- [What the task requires] Print all the data that follows exactly, images excluded.

- [Raw data]

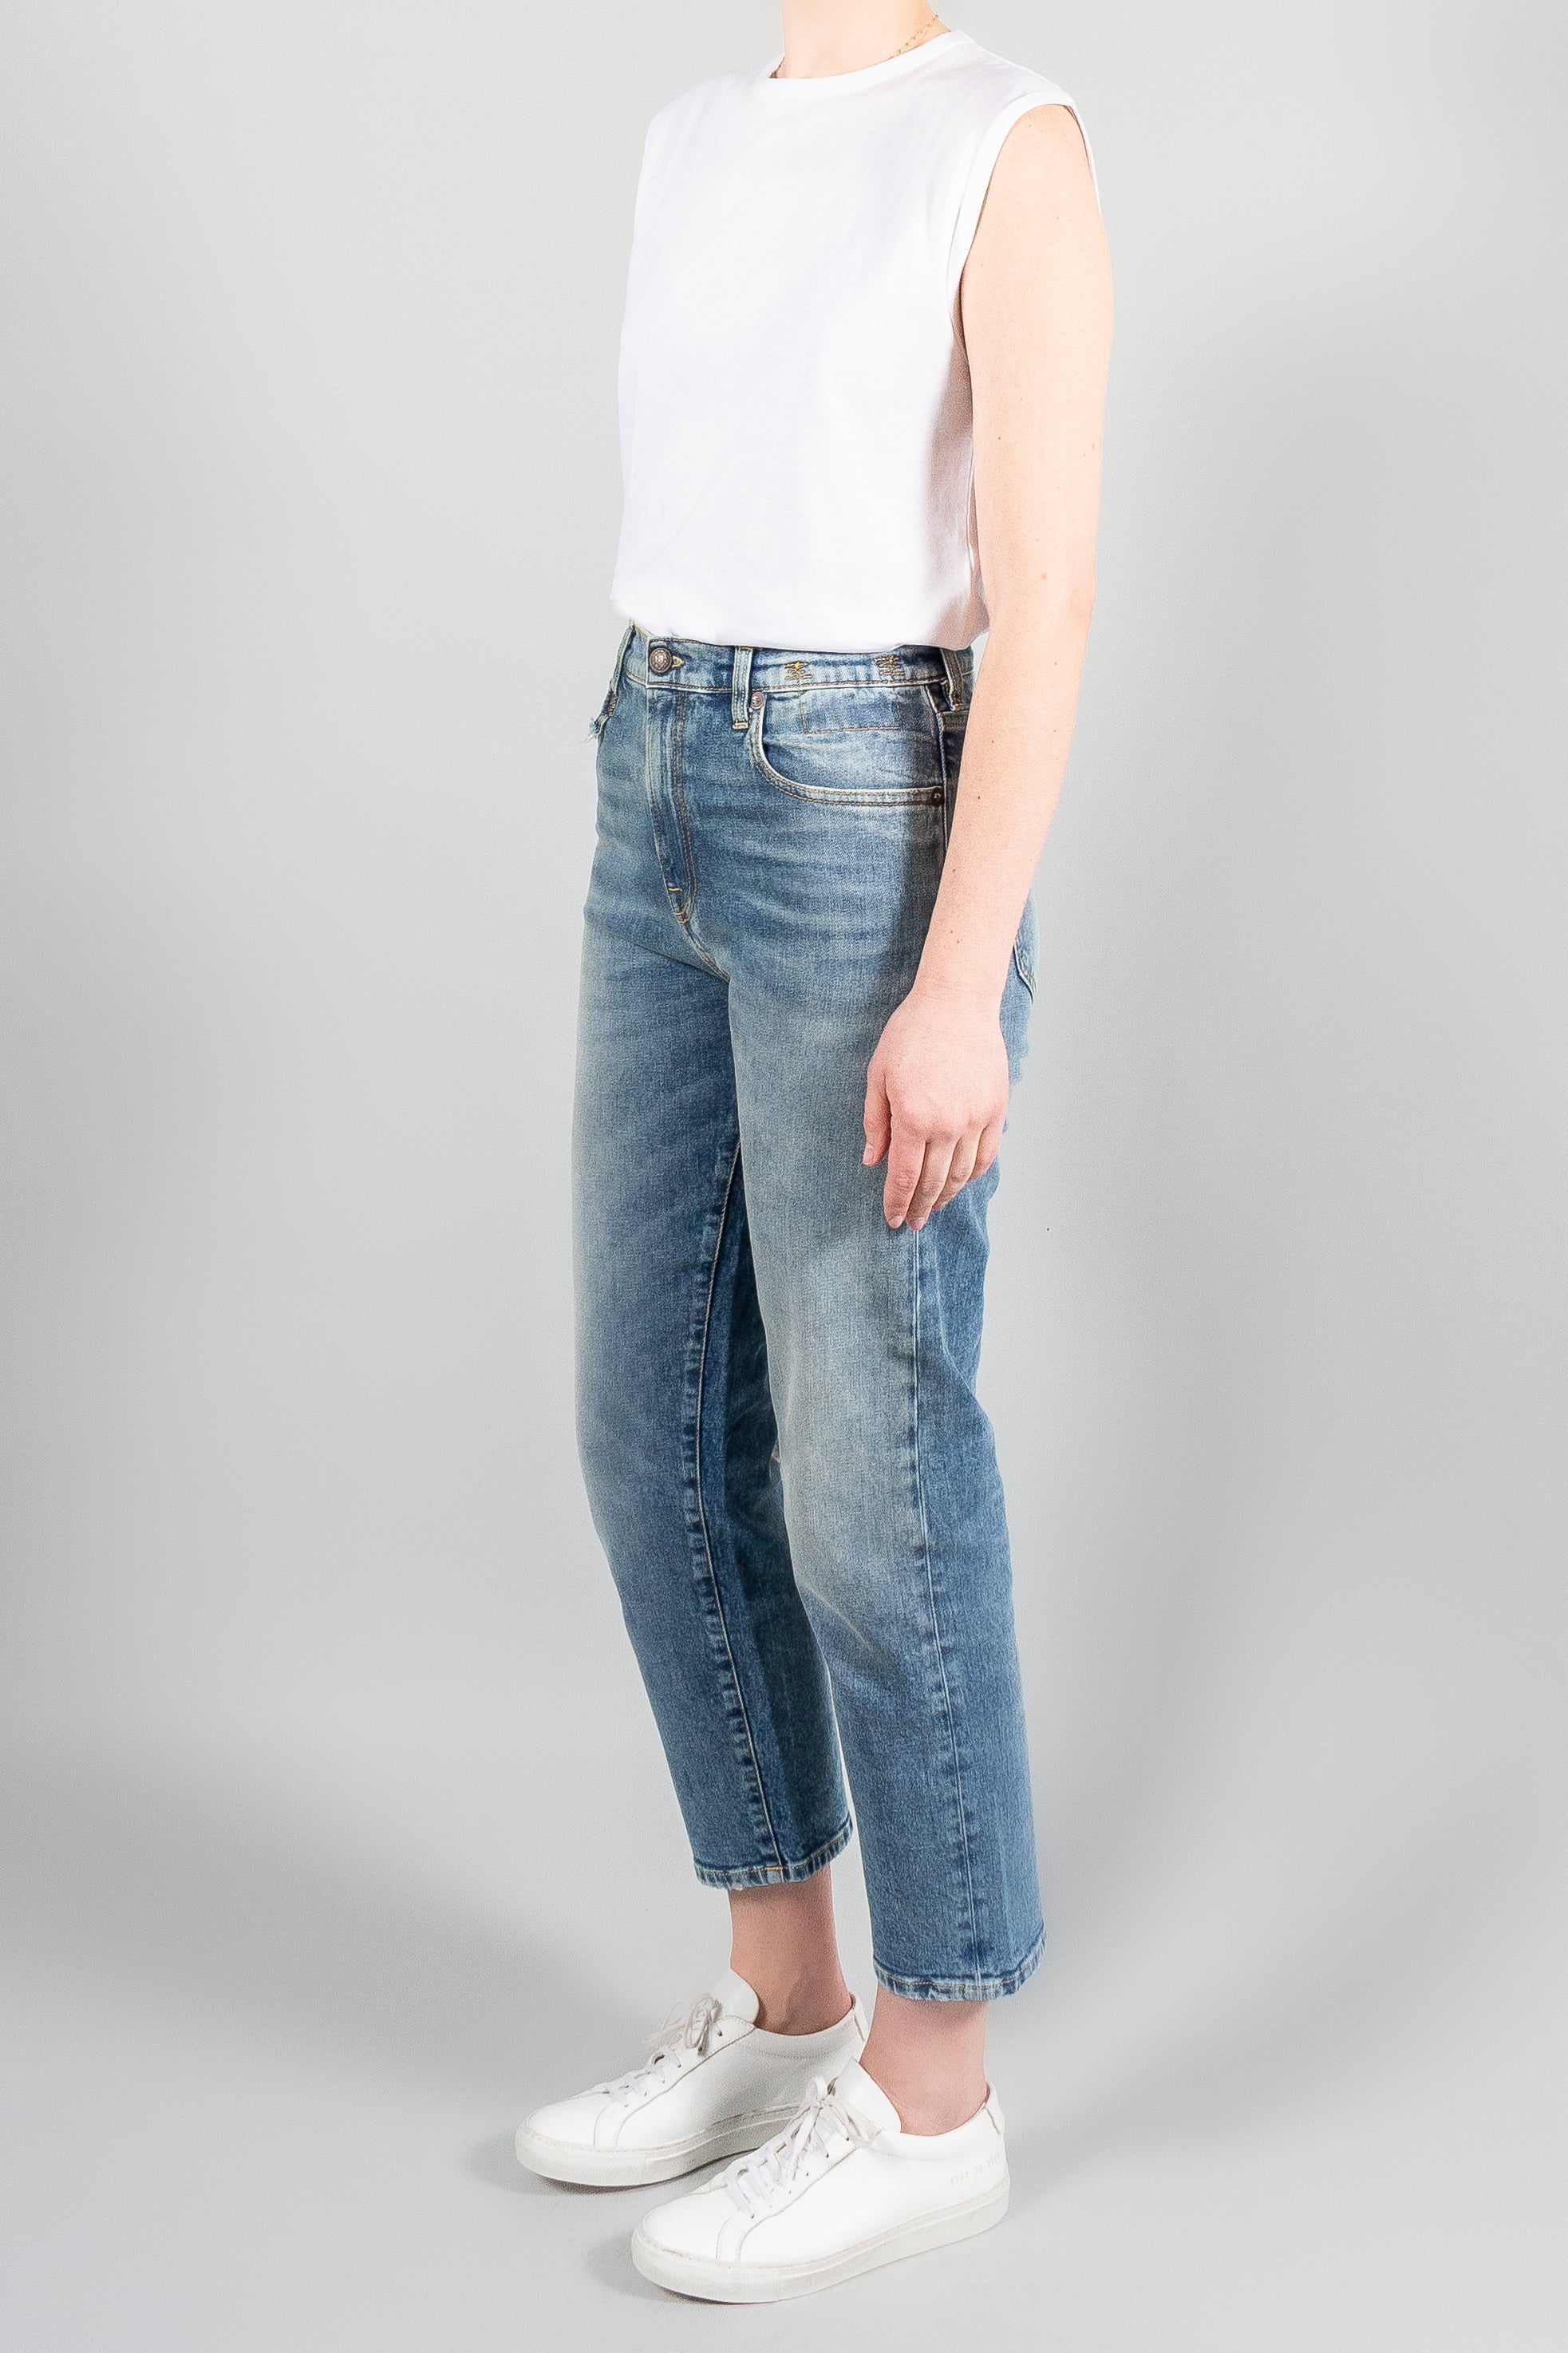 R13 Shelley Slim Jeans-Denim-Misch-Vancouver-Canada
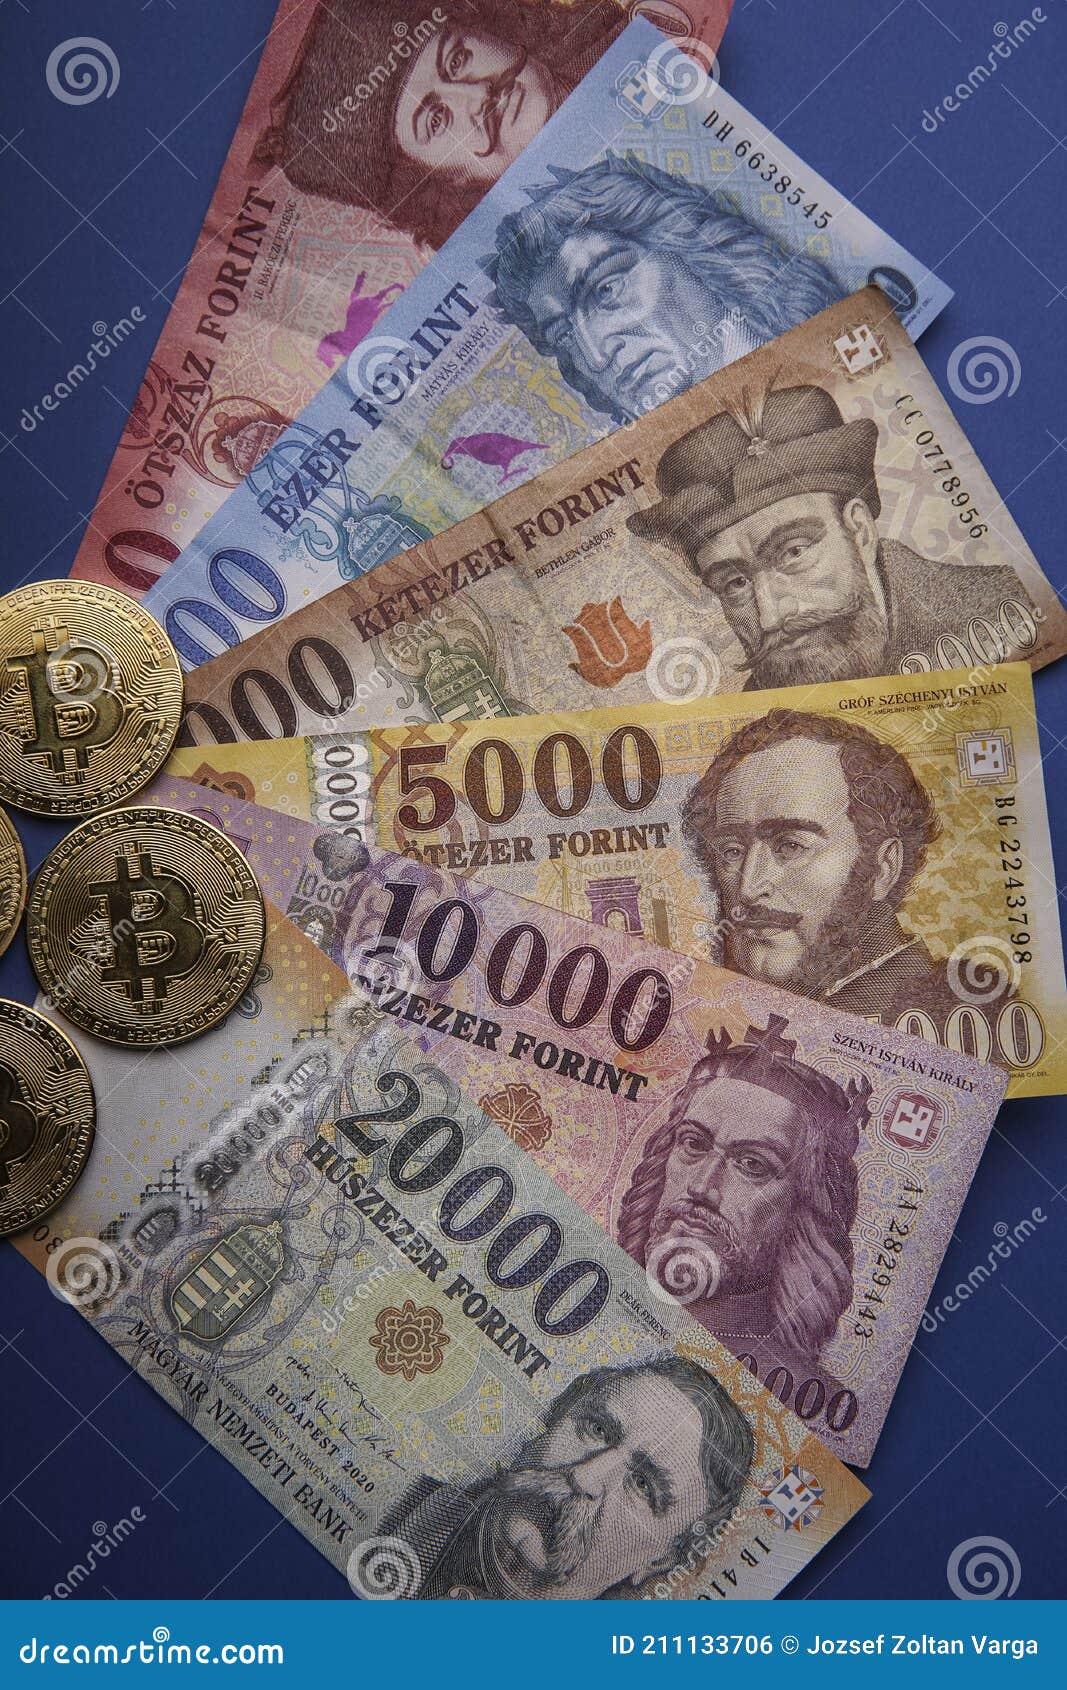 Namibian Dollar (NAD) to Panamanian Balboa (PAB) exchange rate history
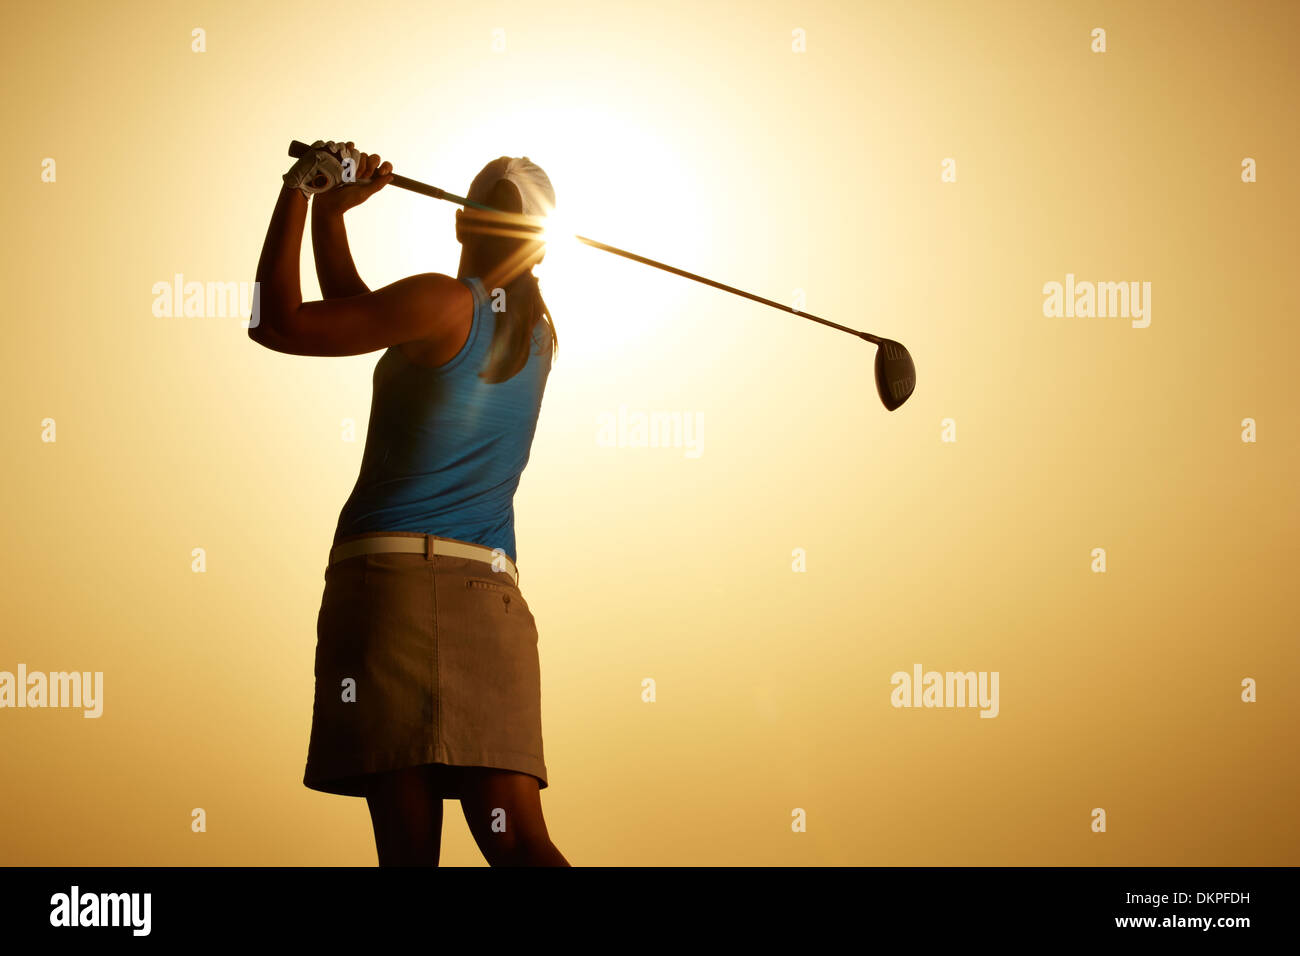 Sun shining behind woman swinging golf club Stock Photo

- [Finished task]
 R13 Shelley Slim Jeans-Denim-Misch-Vancouver-Canada
 Namibian Dollar (NAD) to Panamanian Balboa (PAB) exchange rate history
 Sun shining behind woman swinging golf club Stock Photo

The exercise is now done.